Gambardeli’s Steakn Mushroom Pie scoops Silver Award at the British Pie Awards, 2020
We are delighted to announce that our steakn mushroom pie gained a silver award in the British Pie Awards, 2020. We gained this award against stiff competition from pie makers all over the country. The look of the pie, the pastry, texture, amount of filling and taste all played a part in determining the award level. The judges have many varied backgrounds but they all know a good pie when they taste one! You too will be delighted with the generous savoury filling in a blanket of puff pastry, just thick enough to make the pie award winning.
Again we sell the award winning steakn mushroom pie unbaked ready for you to bake. If you freeze your pie then I recommend that you leave your pie in the fridge for 4 – 5 hours or overnight to thaw before baking. Enjoy that tantalising aroma of pastry wafting around your house.
First simply place the pie on a baking tray, brush with a little non-dairy milk to brown and pop it into a preheated oven 180* or GM 6. Your oven should be hot to avoid a soggy bottom and create a crisp texture.

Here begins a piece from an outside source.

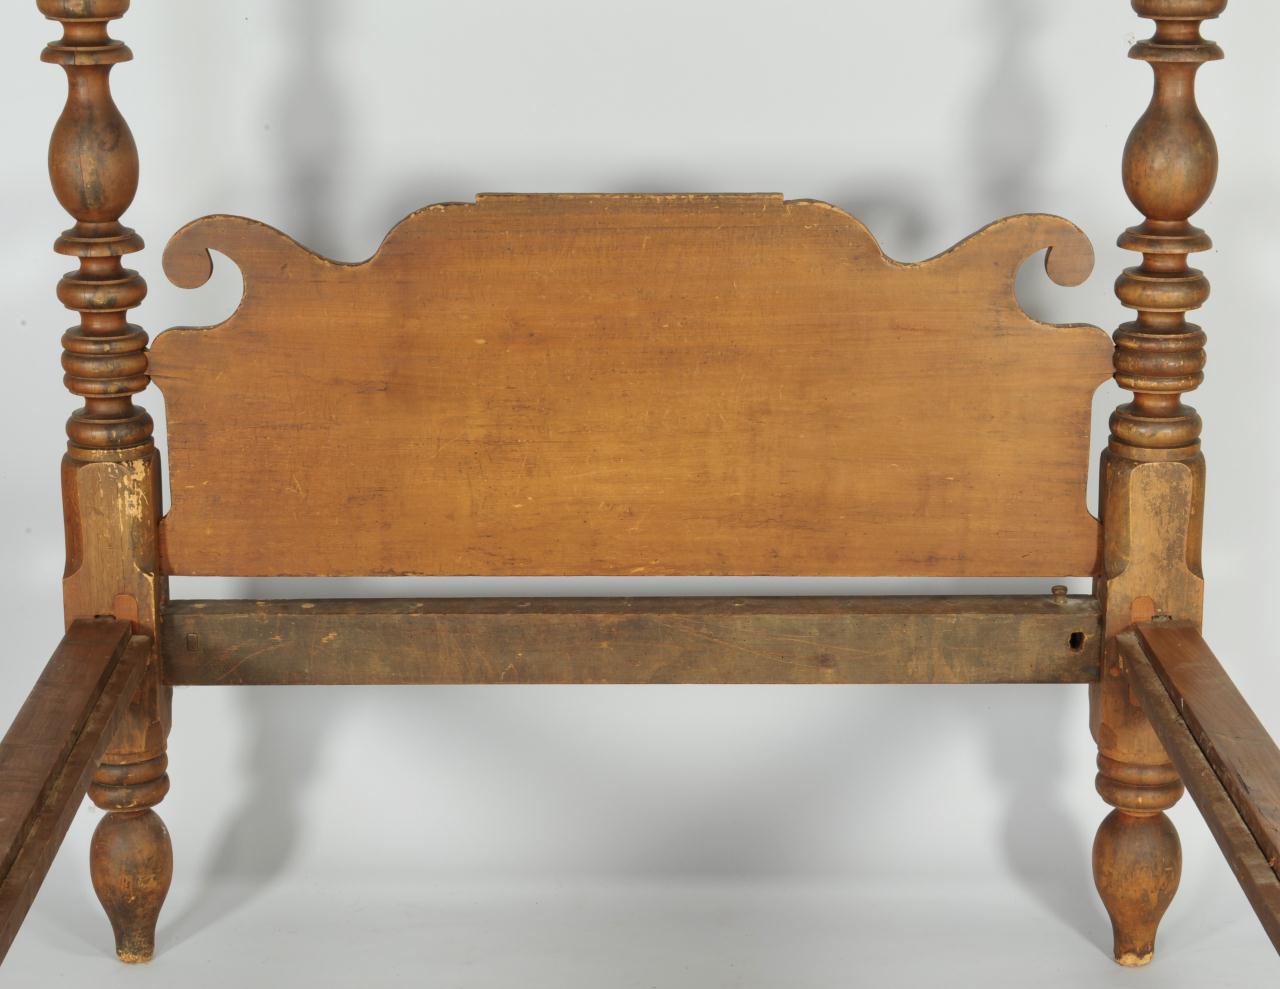 Lot 112: Southern High Post Tester Bed

Next bake for about 30 minutes, depending on your oven, until the crust is golden and the pie heated through. Inserting a thin bladed knife or skewer into the middle of the pie and placing it lightly on your hand will let you know if the centre is heated.
Finally serve and bask in the glory of baking a delicious pie and it’s totally vegan!
Serve and bask in the glory
Serve with unctuous gravy, mash and vegetable such as asparagus or mash and liquor as in the time honoured East End way. However you serve our award winning steakn mushroom pie, you will be delighted to serve this tasty treat to your family. Then revel in the accolades when serving this delicious home-made pie!
What Makes a Good Pie?
Firstly you need to have a delicious filling. We taste test our filling many times trialling different flavour combinations before deciding on THE one.
Next its the pastry. We often receive comments on how light and crisp our pastry is. We line our pastry case with just the right thickness of pastry. If the pastry is too thin then the pie will not hold together when cut: too thick then you loose the delicious mouthfeel.
Then the amount of filling is crucial. Too little and you end up with a gap between your filling and the pastry lid. That gap can mean a gap in filling your tummy. We pack a generous amount of filling into our pies so that even if the lid does rise up, there’s not gap in tummies.
Finally it’s the lid of the pie. Again this needs to be the right thickness to cook evenly and give that satisfaction that only a delicious pie can bring.
So we consider each element carefully and combine them to produce something delicious.
Testing our pies. Again we ask our family and friends to try our pies. We have to be confident in each element of the pie before launching it as a new line.